* **The data**:
____

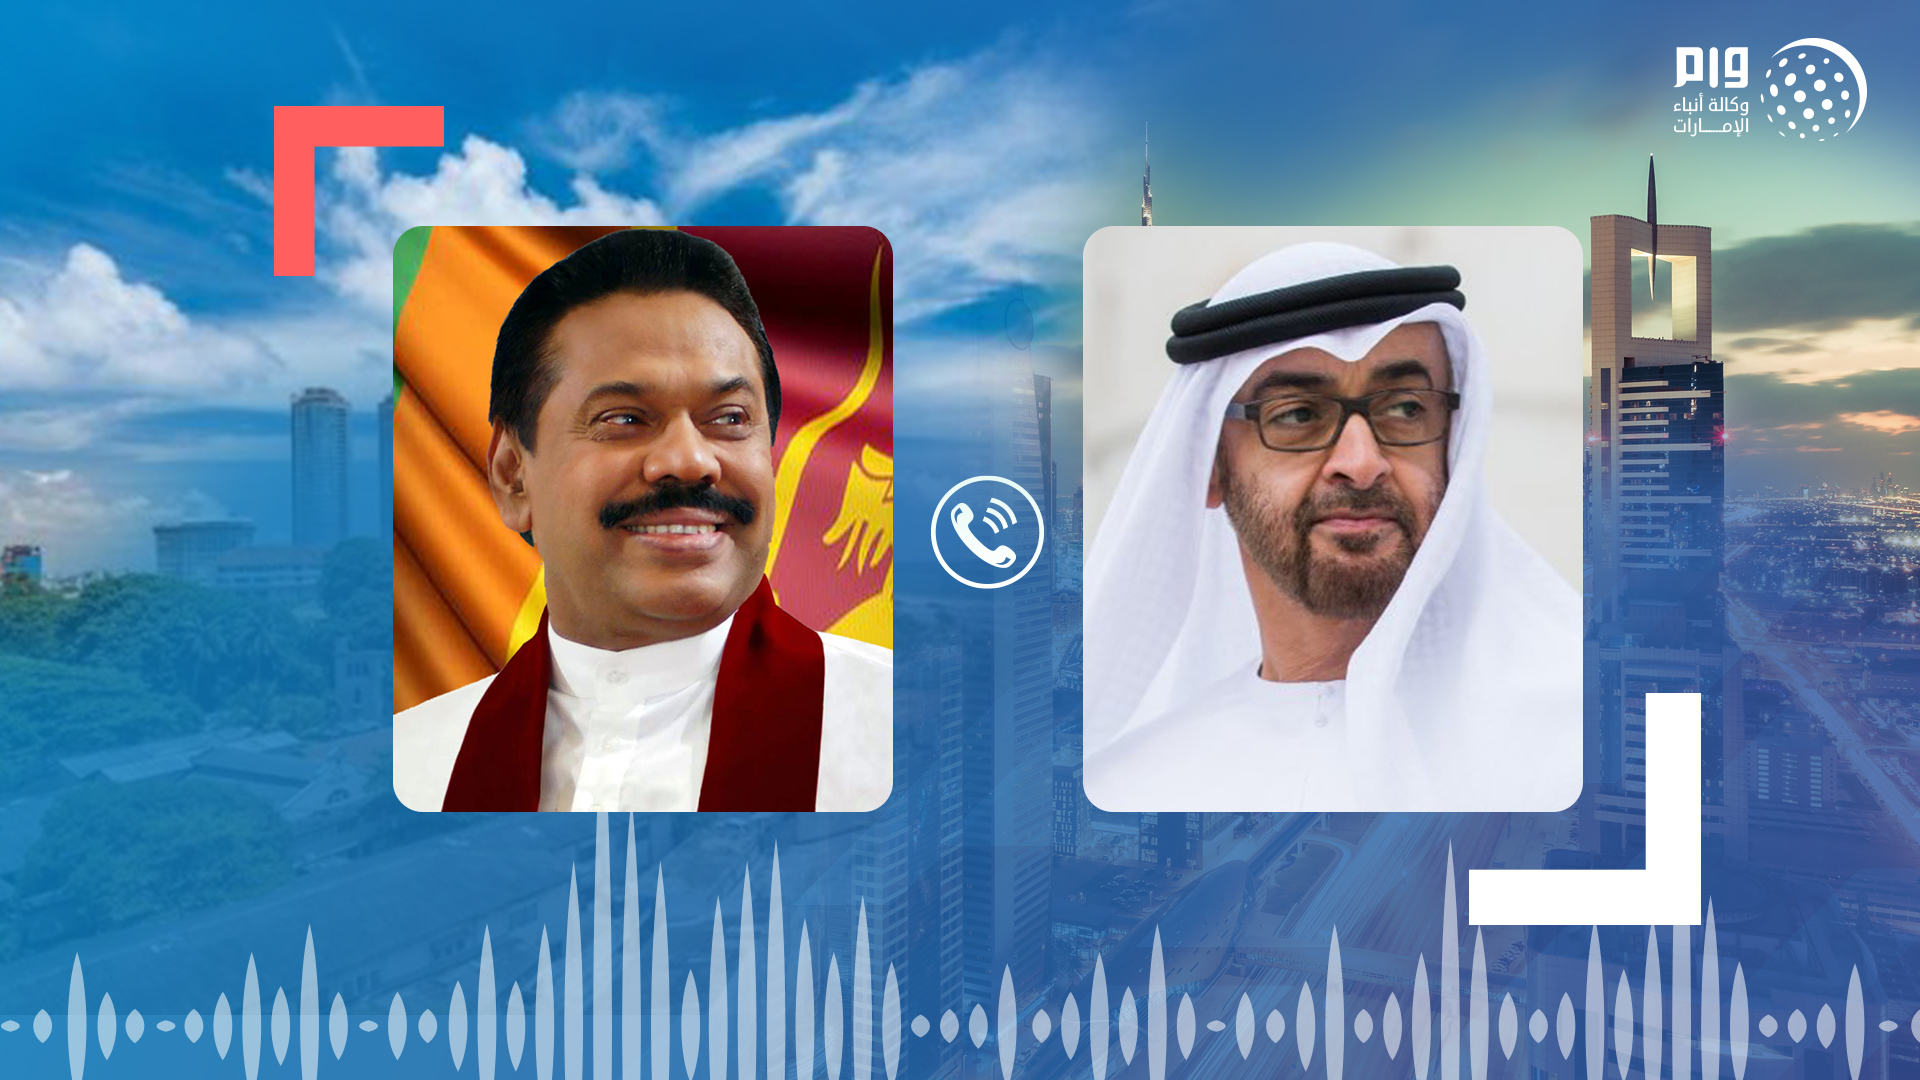 UAE’s Mohamed Bin Zayed Receives Phone Call From Sri Lankan PM
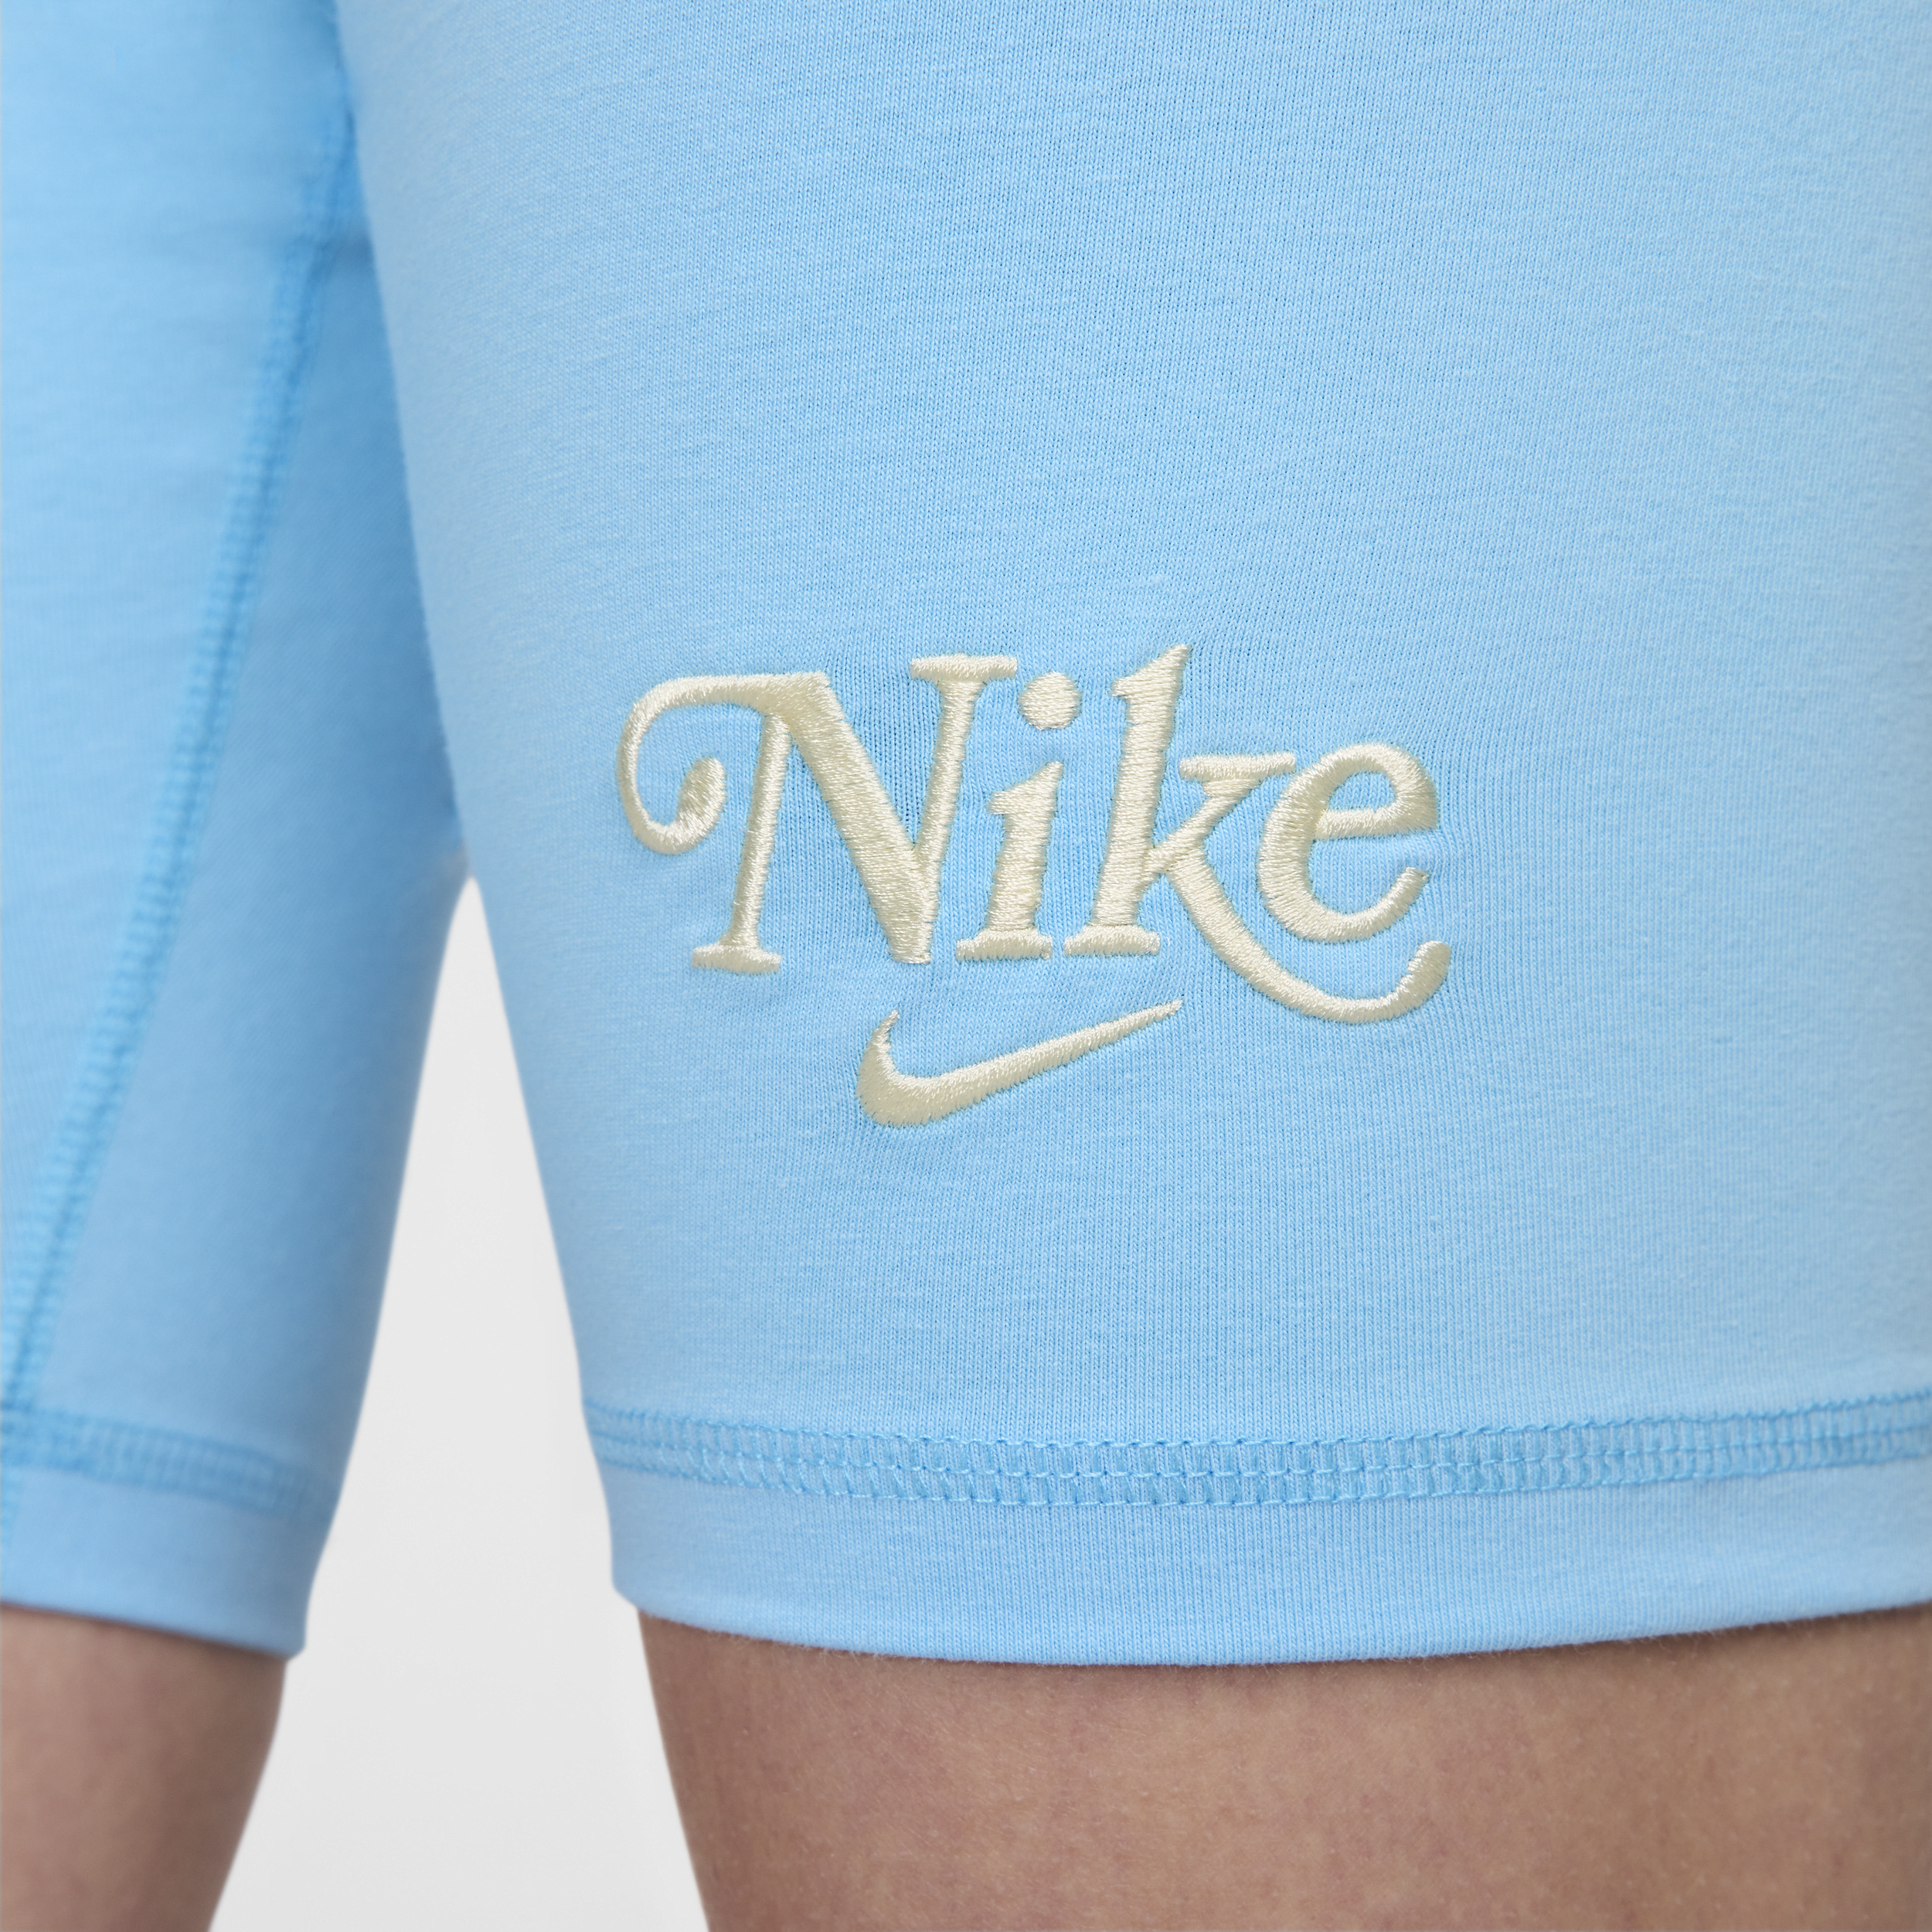 Nike Sportswear bikeshorts voor dames Blauw
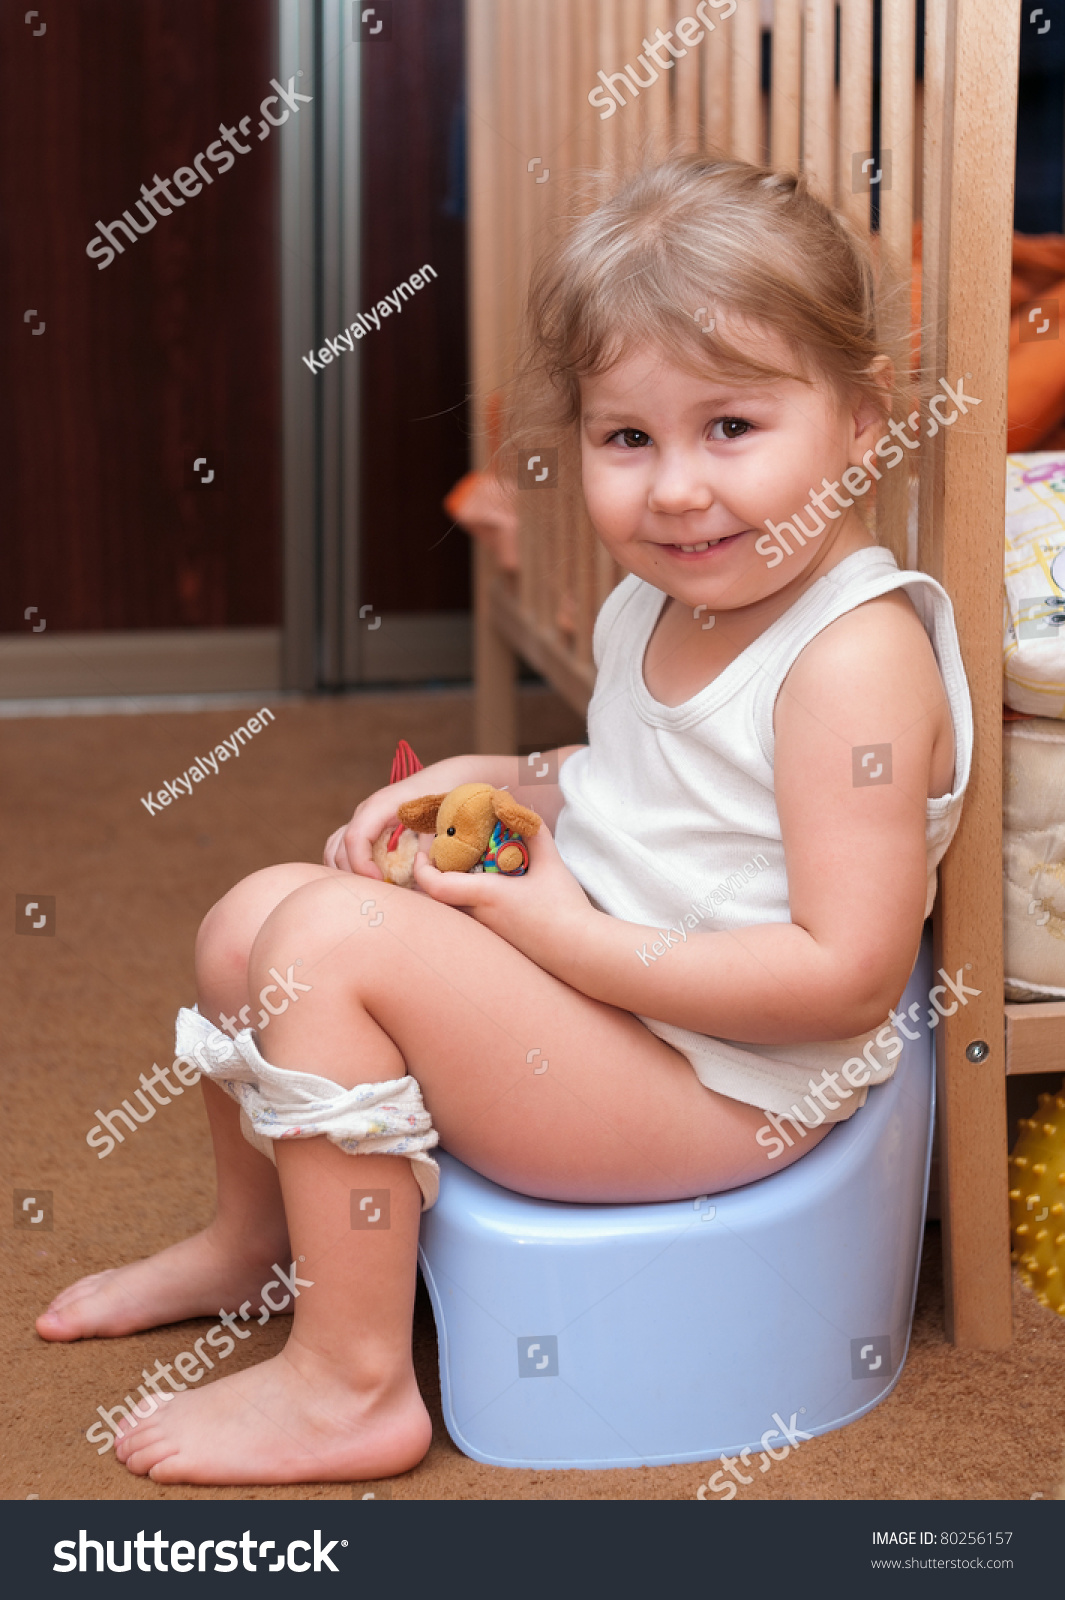 http://image.shutterstock.com/z/stock-photo-little-girl-sitting-on-a-chamber-pot-in-the-room-80256157.jpg

____

* **Exercise objective**: Copy out the data exactly and keep the pictures out.

* **Solution for this problem**:
 UAE’s Mohamed Bin Zayed Receives Phone Call From Sri Lankan PM
 Nike Sportswear bikeshorts voor dames Blauw
 http://image.shutterstock.com/z/stock-photo-little-girl-sitting-on-a-chamber-pot-in-the-room-80256157.jpg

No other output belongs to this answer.